Pokemon Go fever is alive and well in Myanmar since it launched over the weekend all over Southeast Asia.
But alas, the game is already bumping up against tradition in this heavily Buddhist country as players go wherever they can to catch Clefairy, pick up Pikachu or chance on a Charizard.
Including inside a pagoda.
A video posted on Facebook purports to show a pagoda in Yangon asking players to leave over a loudspeaker.
“Young people who are playing mobile games in the pagoda compound, please kindly leave from the front side of the pagoda (or Buddha Image) so as not to disturb the prayers,” the broadcast said, according to a version of the broadcast posted by the uploader of the video.
It’s not clear where the pagoda is located, but the video, whose authenticity could not be independently confirmed, went up on Tuesday.

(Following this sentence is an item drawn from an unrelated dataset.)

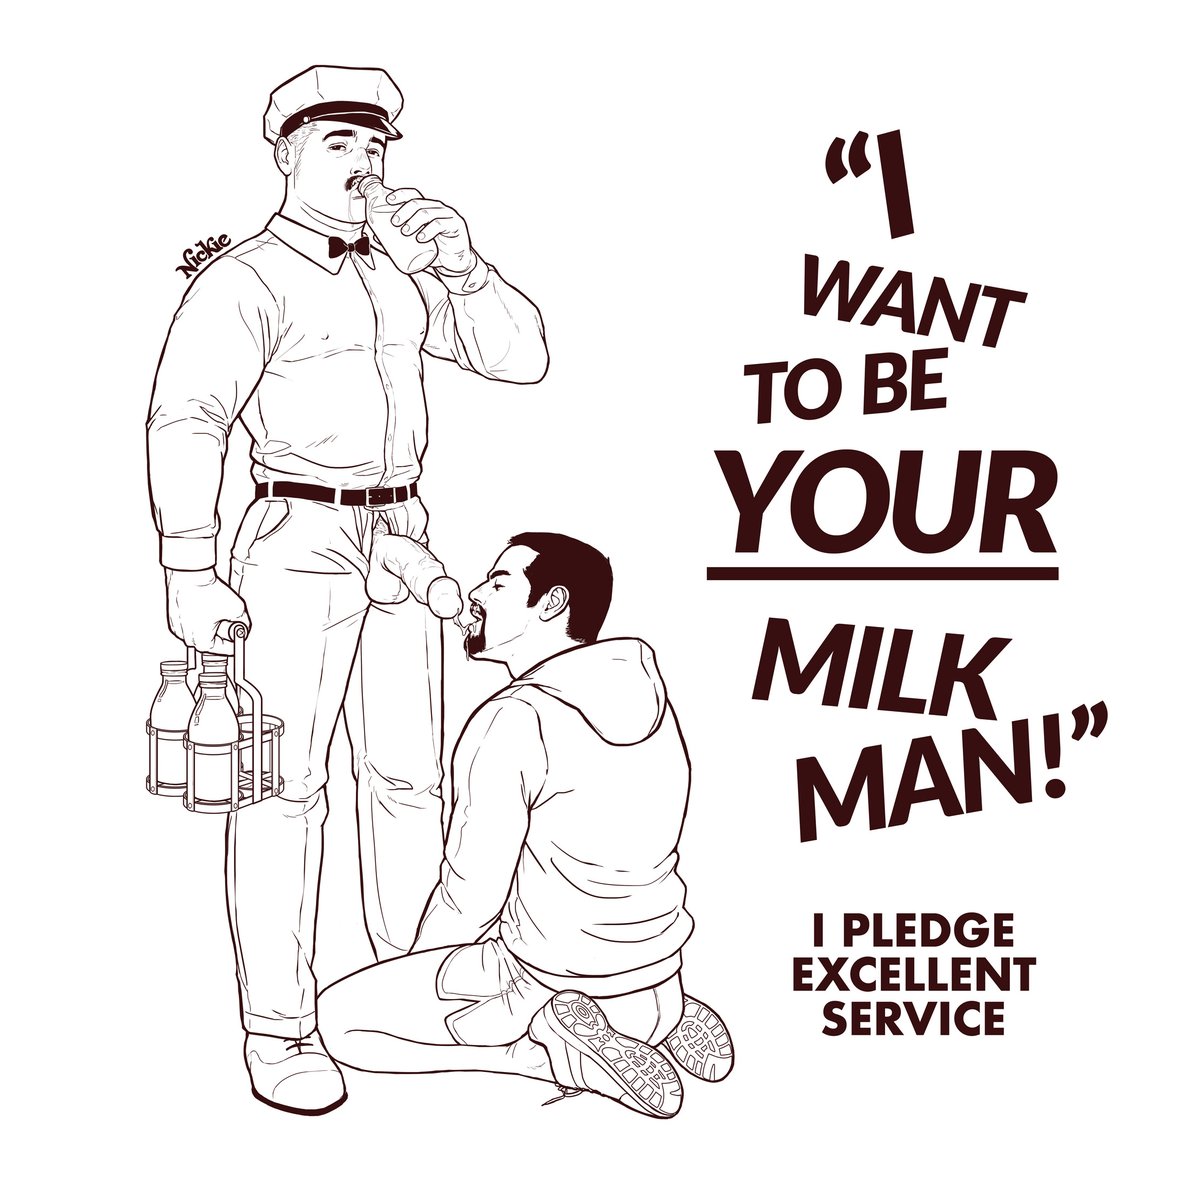 This might be too much for RedBubble but here's the Milkman delivering...

Pagodas are far from the only religious structures to attract players in Myanmar.
Huddled gaming masses have been seen at St. Mary’s Church in downtown Yangon, and a local mosque in the same area, not to mention more secular institutions like City Hall and Mahabandoolah Park, which is fast becoming a big draw for the Pokemon faithful.
So far the government here has been quiet on the game, but things could be headed in the same directionas neighboring Thailand, where the ruling junta has banned it from army barracks and warned that it isn’t compatible with Thailand’s not so friendly sidewalks, or what a spokesman called the country’s “walking culture.”
Elsewhere in the region and beyond, players have also been asked to stay away from a genocide memorial in Cambodia, and a site for atomic bomb victims in Japan.